地理上の都合とこれらの歴史もあいまって、現在農作物の大半は、サントス港、パラナグア港といった南部の港湾地域から輸出されている。しかし、先に述べたマット・グロッソ州の主要生産地からこれら港湾までは道路にして約2,000kmと遠く離れており、この途方も無い距離を大量のトラックが穀物を積んで運搬しているのが実態である。

この幹線道路は163号線と呼ばれ、ブラジル農業に携わる者で知らない者はいない悪名高き道路である。この道路は基本的に片側一車線であり、トラックが横転した際にはその時点で通行止めとなり、数時間単位の渋滞が発生する。また、2tトラックが大量に往来することから、道路がその圧力に耐えられず、至る所に大きな穴が生じている。
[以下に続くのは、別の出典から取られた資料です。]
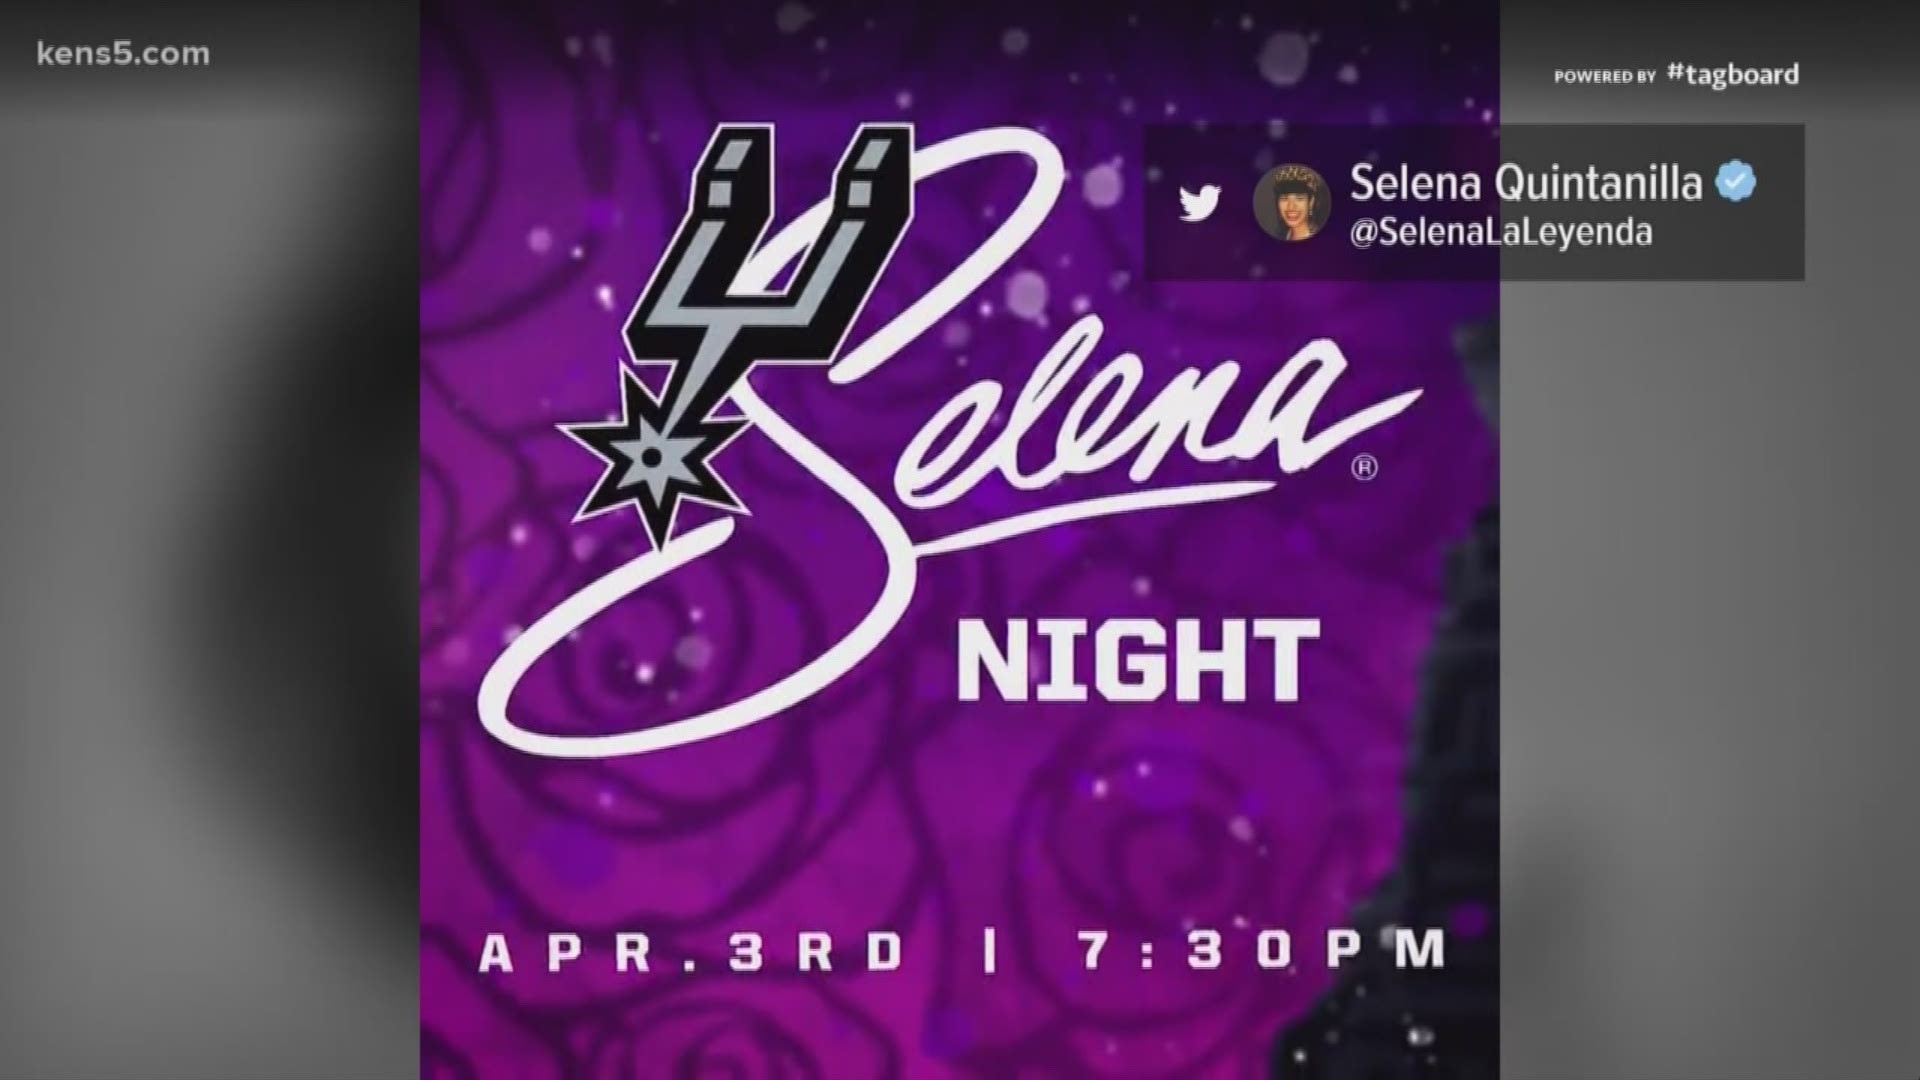 A first for the Spurs; the Silver and Black will be hosting a Selena Night.

それをトラックが避ける際は常に10~20km/時まで減速しなければならず、渋滞を生み出す要因の一つになっている(現在では、舗装により穴は減少傾向にある)。

そのため、マット・グロッソ州から中国まで大豆を輸送した際のコストは、アルゼンチンの約2倍アメリカの3倍と大きな差が生まれている(マット・グロッソ州・アルゼンチン/コルドバ州・アメリカ/イリノイ州から中国までのコストは、順に約USD190/トン、約USD100/トン、約USD70/トン)。これほどまでの高コストにも関わらず、マット・グロッソ州の生産が拡大し続けられるのは、①同地域の土地がまだアメリカ等に比して安く、若しくは、安い時代に進出した農家が多いこと、②土地が極めて平坦であり、効率的な農業が可能であること、③安定した気候に支えられ、大きな減収が起きづらい事、④二毛作が可能であること、といった要因に支えられている。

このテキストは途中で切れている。